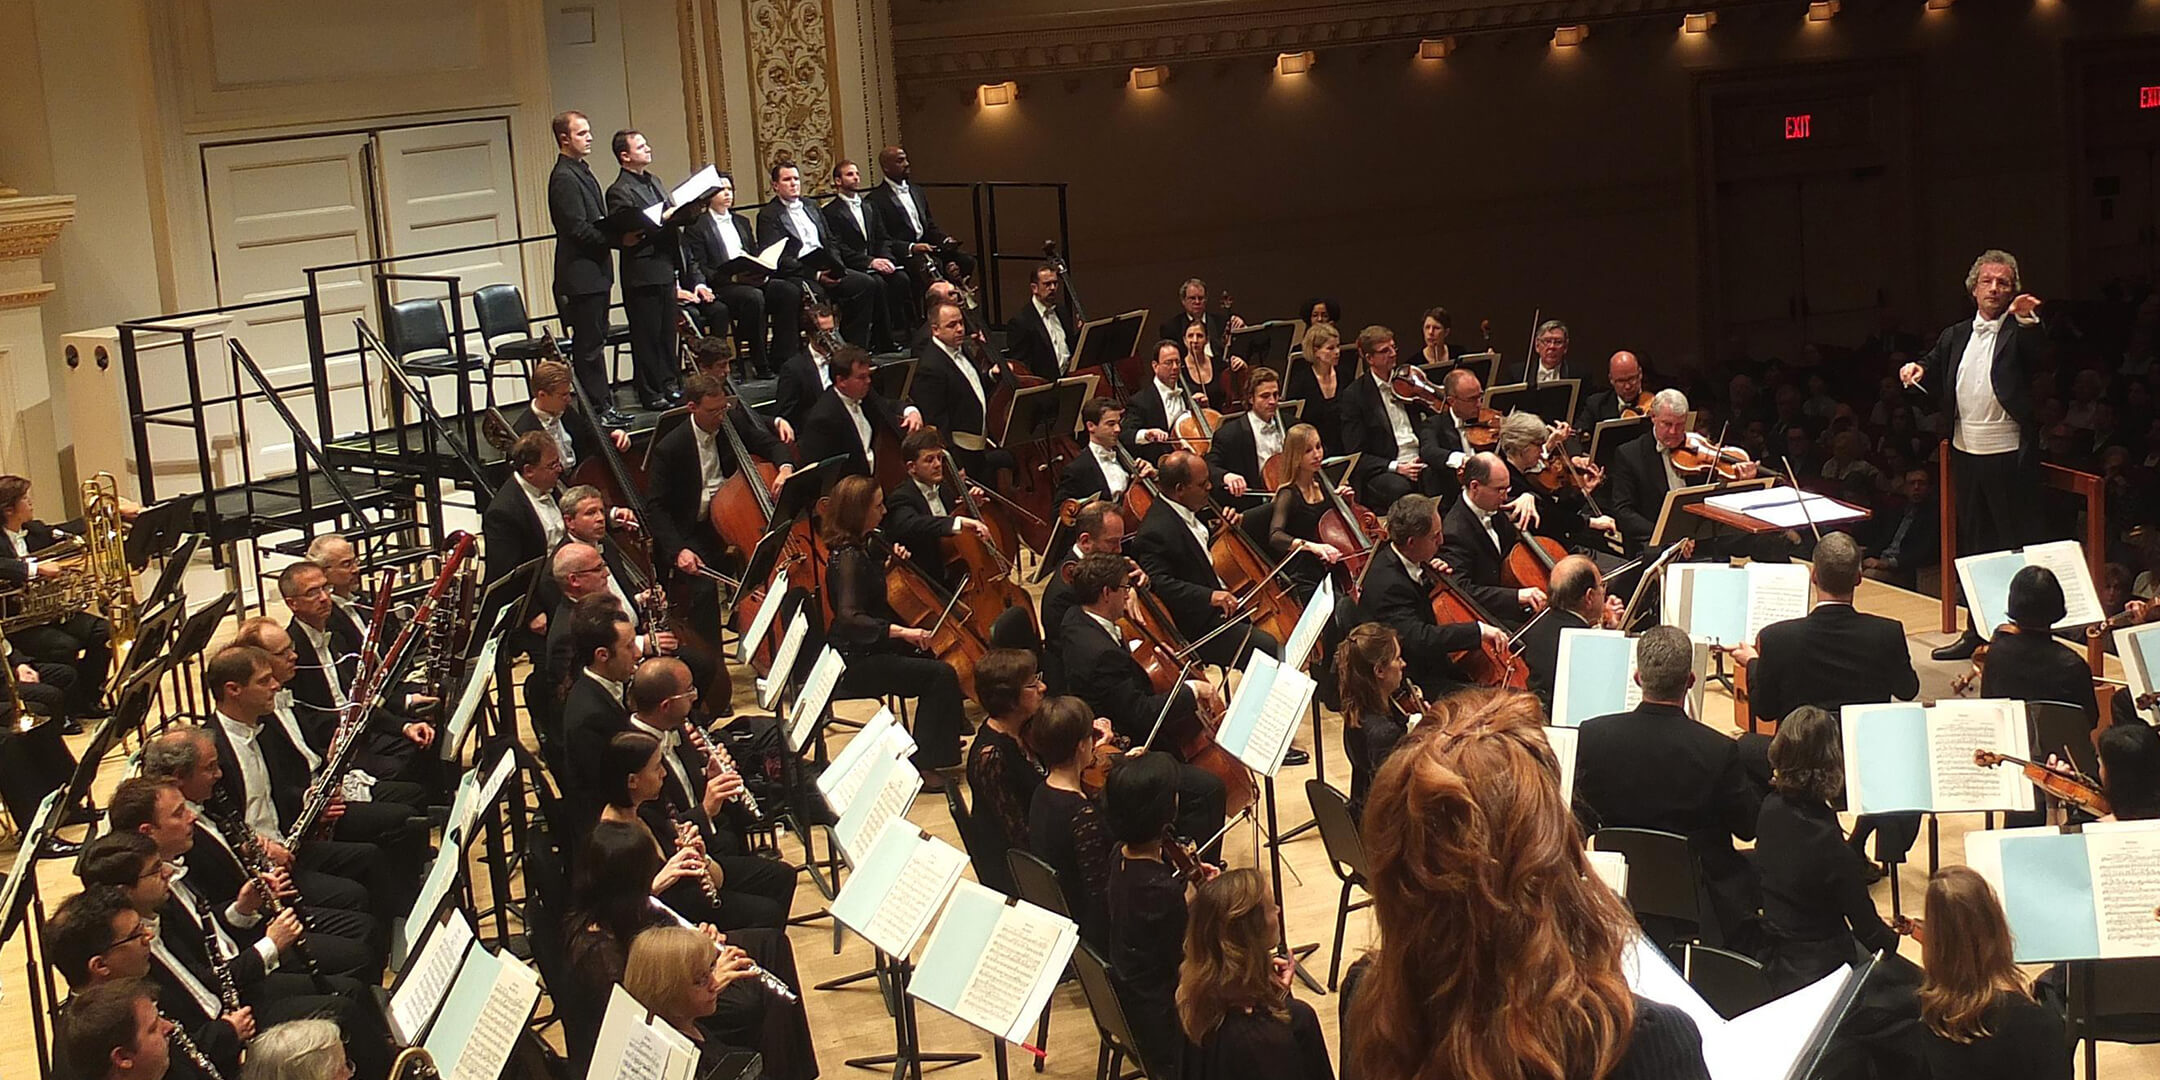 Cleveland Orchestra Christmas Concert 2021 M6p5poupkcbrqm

==

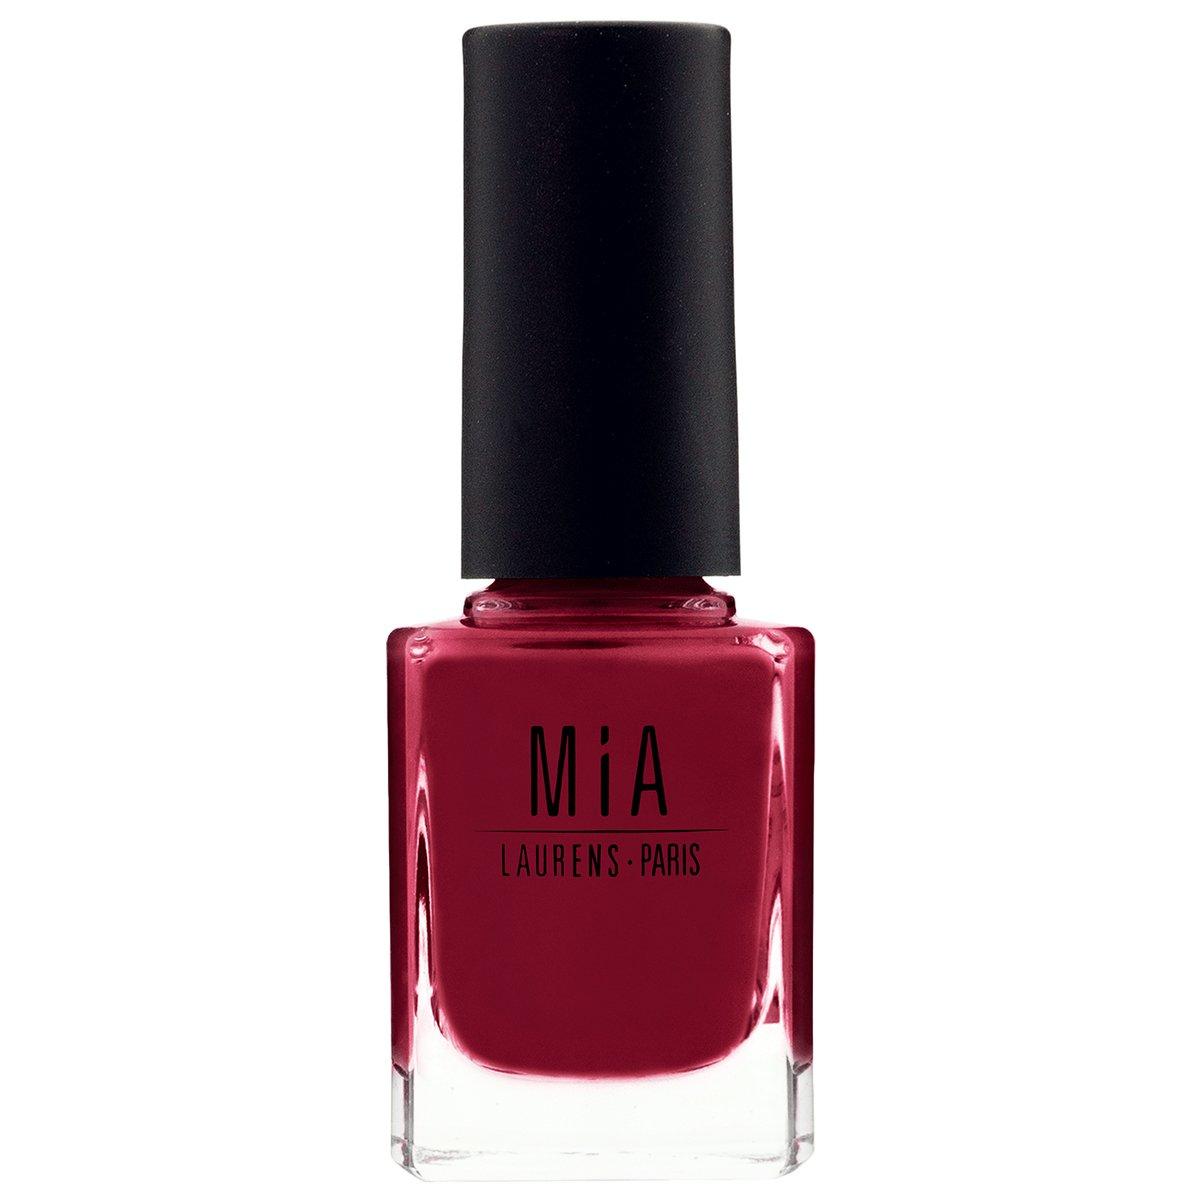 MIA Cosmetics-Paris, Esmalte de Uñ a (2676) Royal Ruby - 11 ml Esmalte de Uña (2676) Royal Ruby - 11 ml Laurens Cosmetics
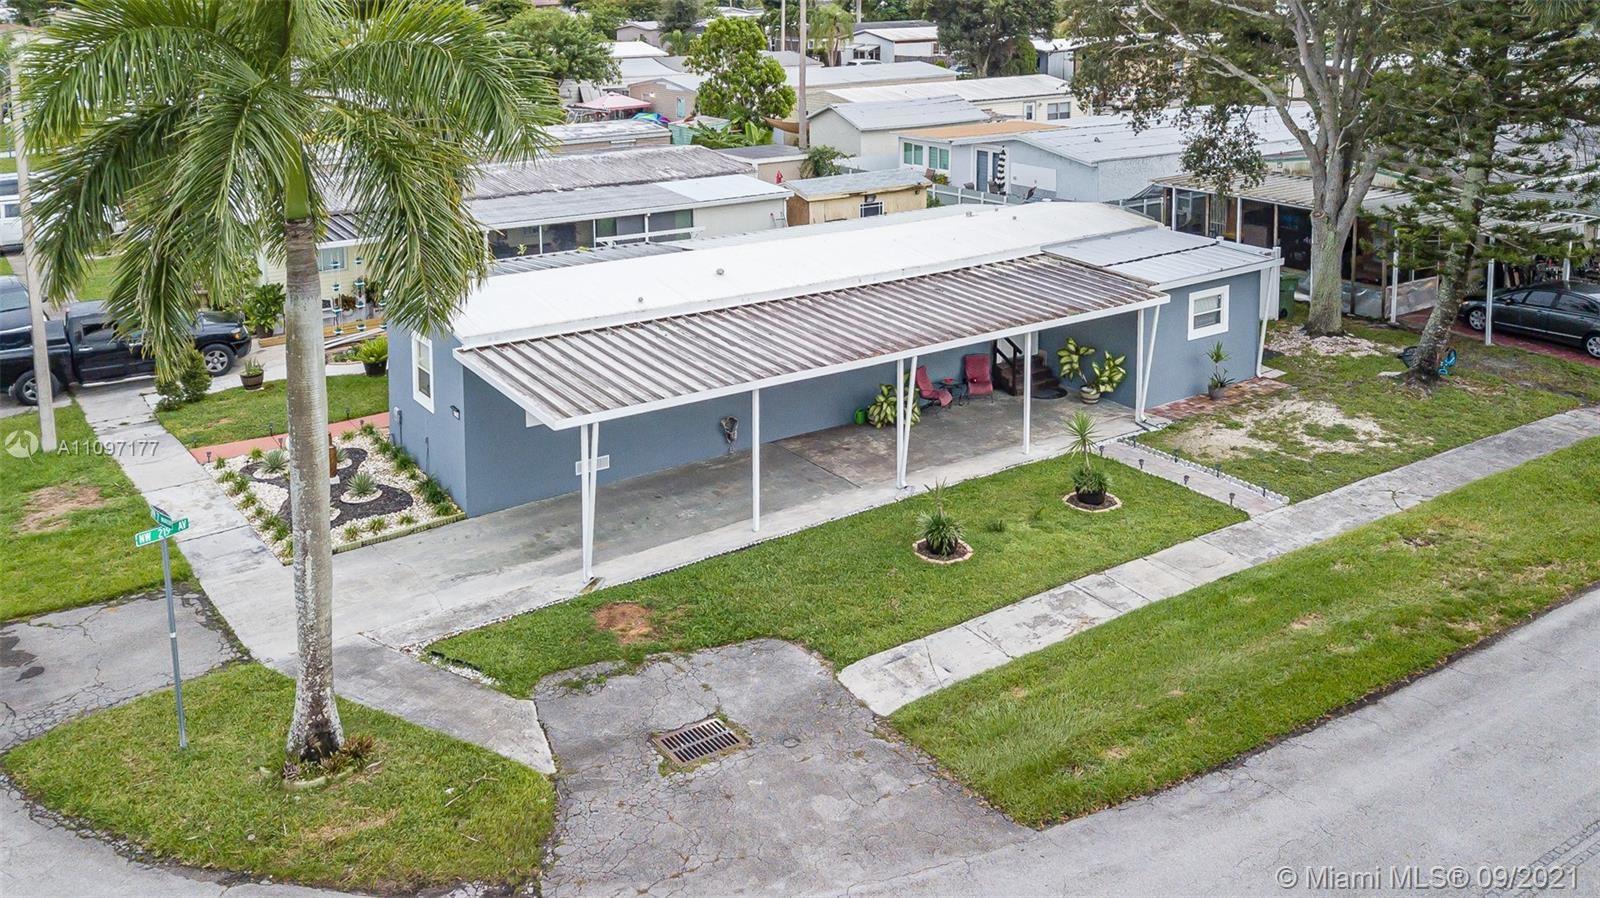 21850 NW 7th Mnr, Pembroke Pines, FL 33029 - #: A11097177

_What you should do_
All that should appear in the answer is the lines above from the line with "MIA Cosmetics-Paris, Esmalte" through the line with "21850 NW 7th", retyped exactly, pictures left out.

_Finished exercise_
 MIA Cosmetics-Paris, Esmalte de Uñ a (2676) Royal Ruby - 11 ml Esmalte de Uña (2676) Royal Ruby - 11 ml Laurens Cosmetics
 21850 NW 7th Mnr, Pembroke Pines, FL 33029 - #: A11097177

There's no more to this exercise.